> **Work item**
Print every line of the material below exactly as it stands, but omit the pictures.

** Material provided follows **

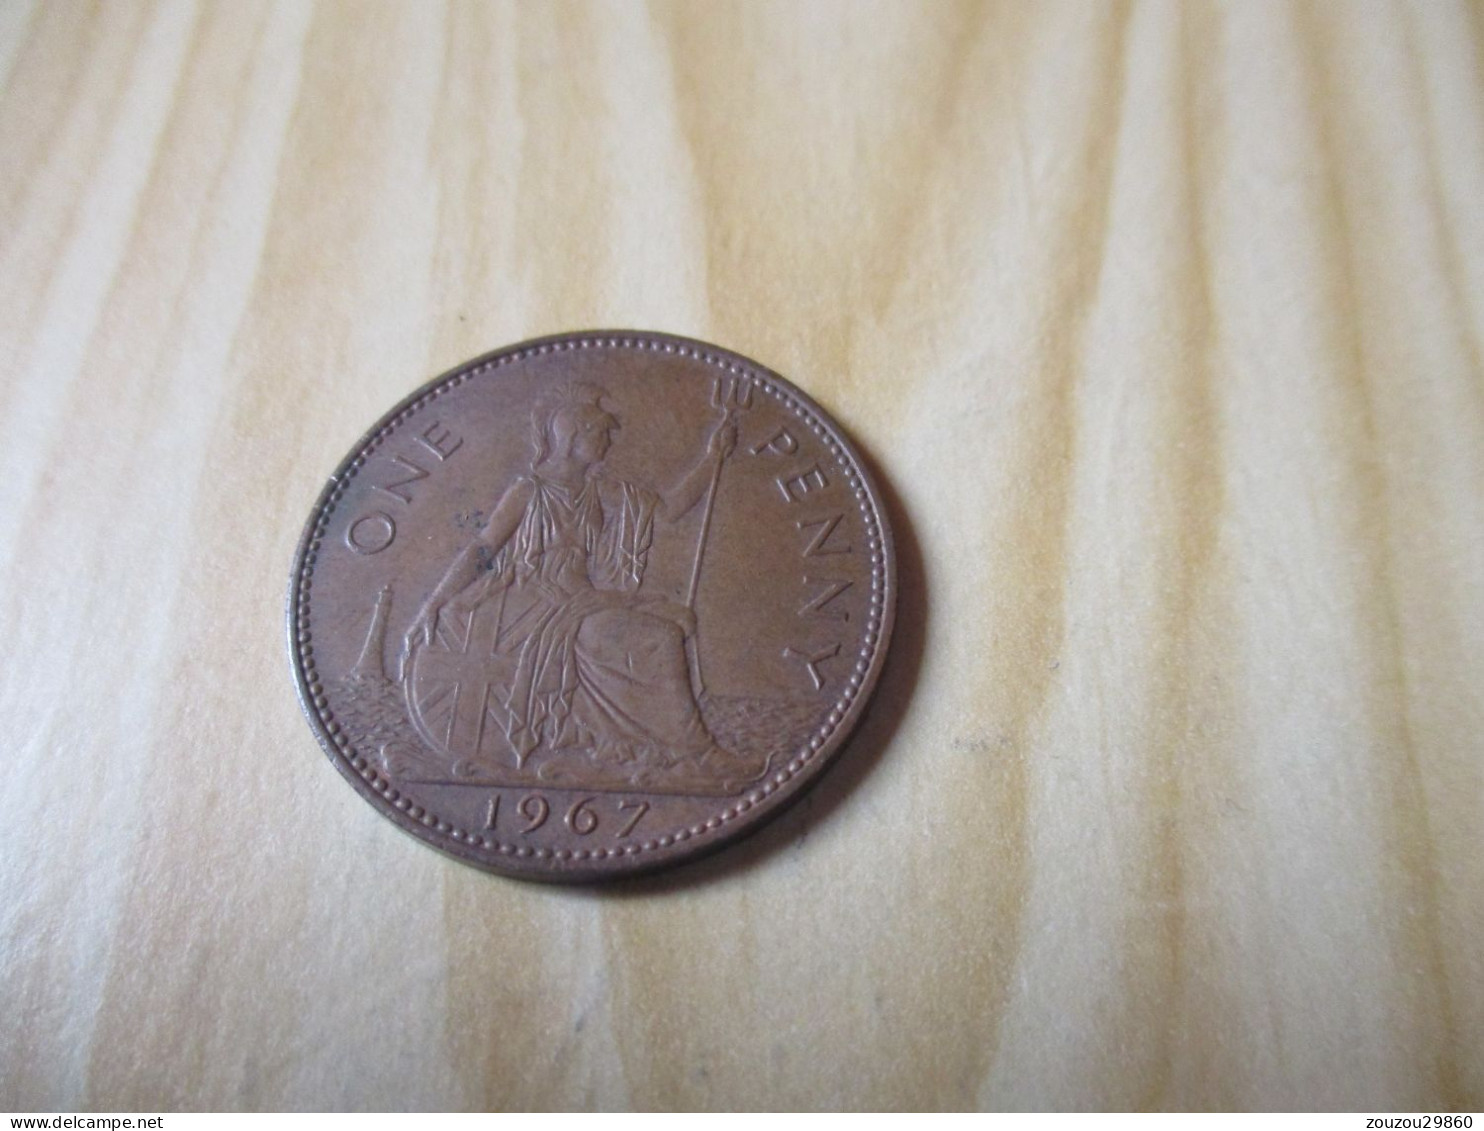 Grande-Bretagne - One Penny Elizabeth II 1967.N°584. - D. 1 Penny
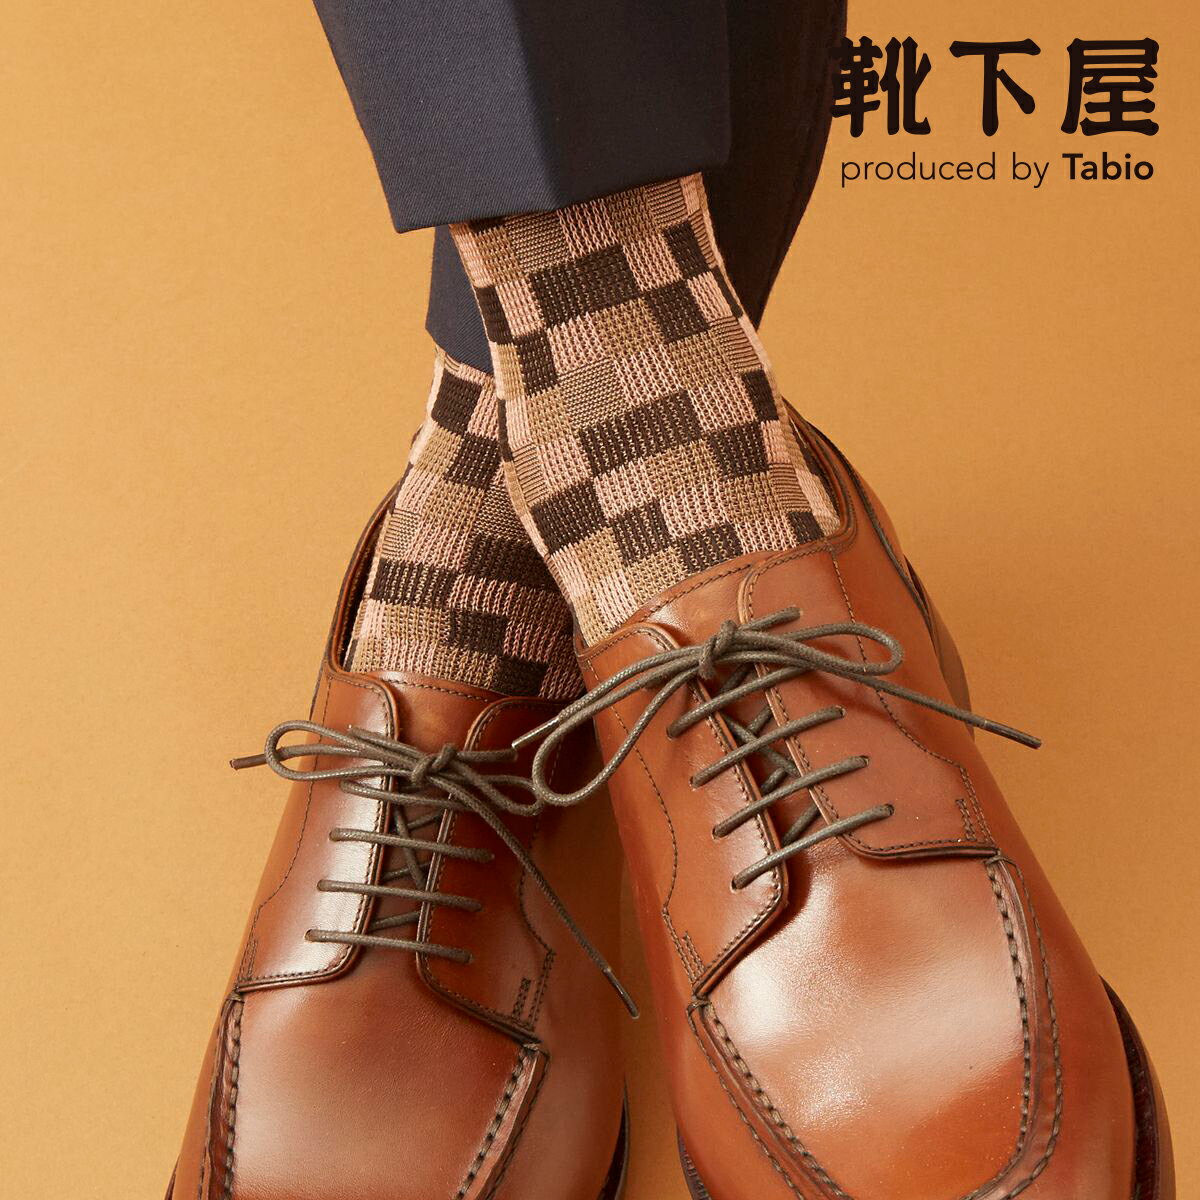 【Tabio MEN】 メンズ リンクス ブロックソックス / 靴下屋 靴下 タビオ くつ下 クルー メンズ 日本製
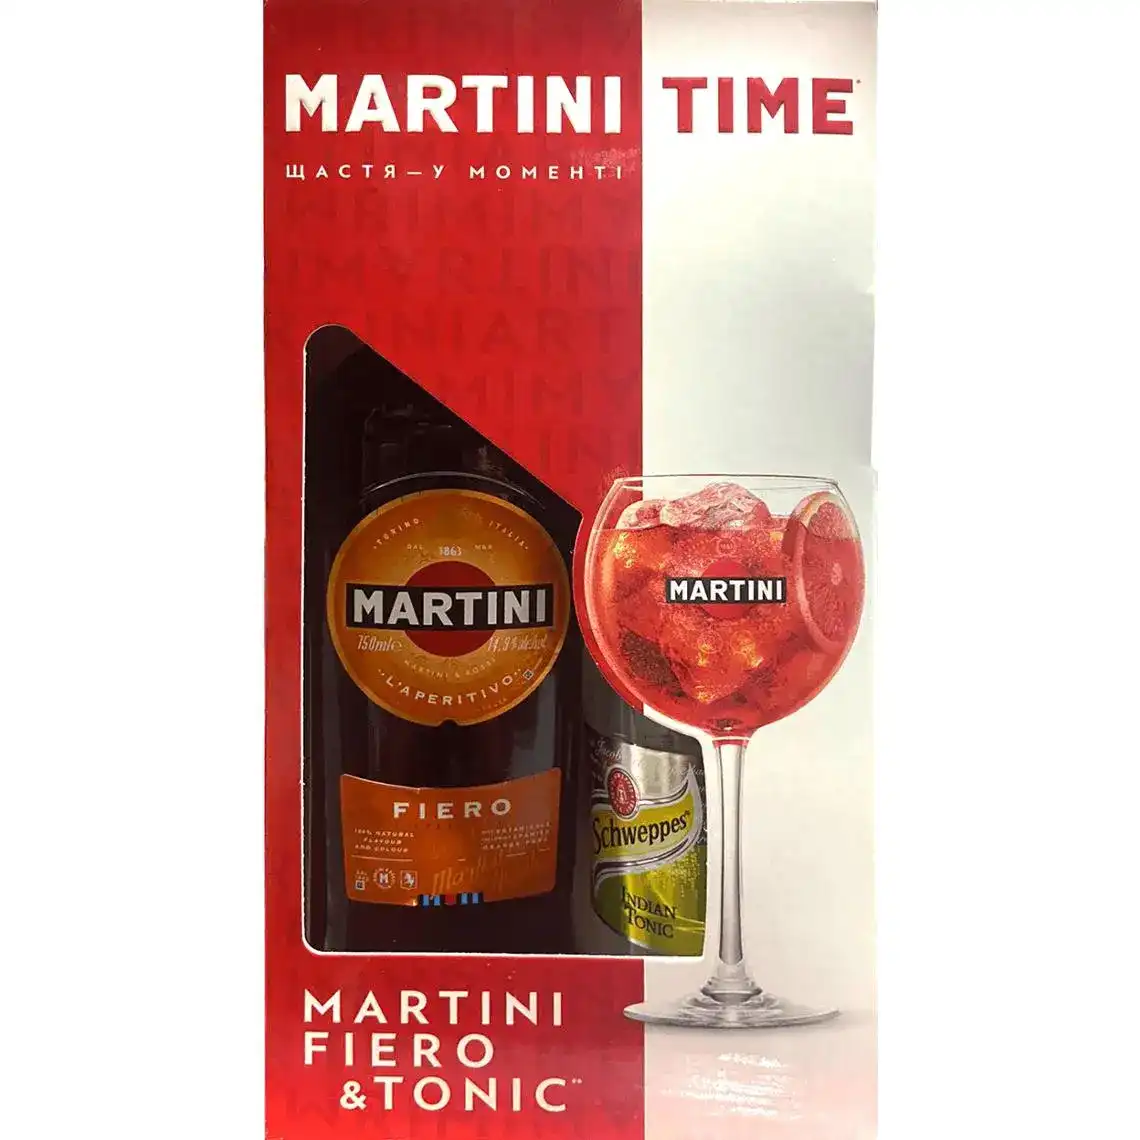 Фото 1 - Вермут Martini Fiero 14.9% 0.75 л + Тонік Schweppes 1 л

** End of Material provided **

> **Result for this exercise**
 Grande-Bretagne - One Penny Elizabeth II 1967.N°584. - D. 1 Penny
 【Tabio MEN】 メンズ リンクス ブロックソックス / 靴下屋 靴下 タビオ くつ下 クルー メンズ 日本製
 Фото 1 - Вермут Martini Fiero 14.9% 0.75 л + Тонік Schweppes 1 л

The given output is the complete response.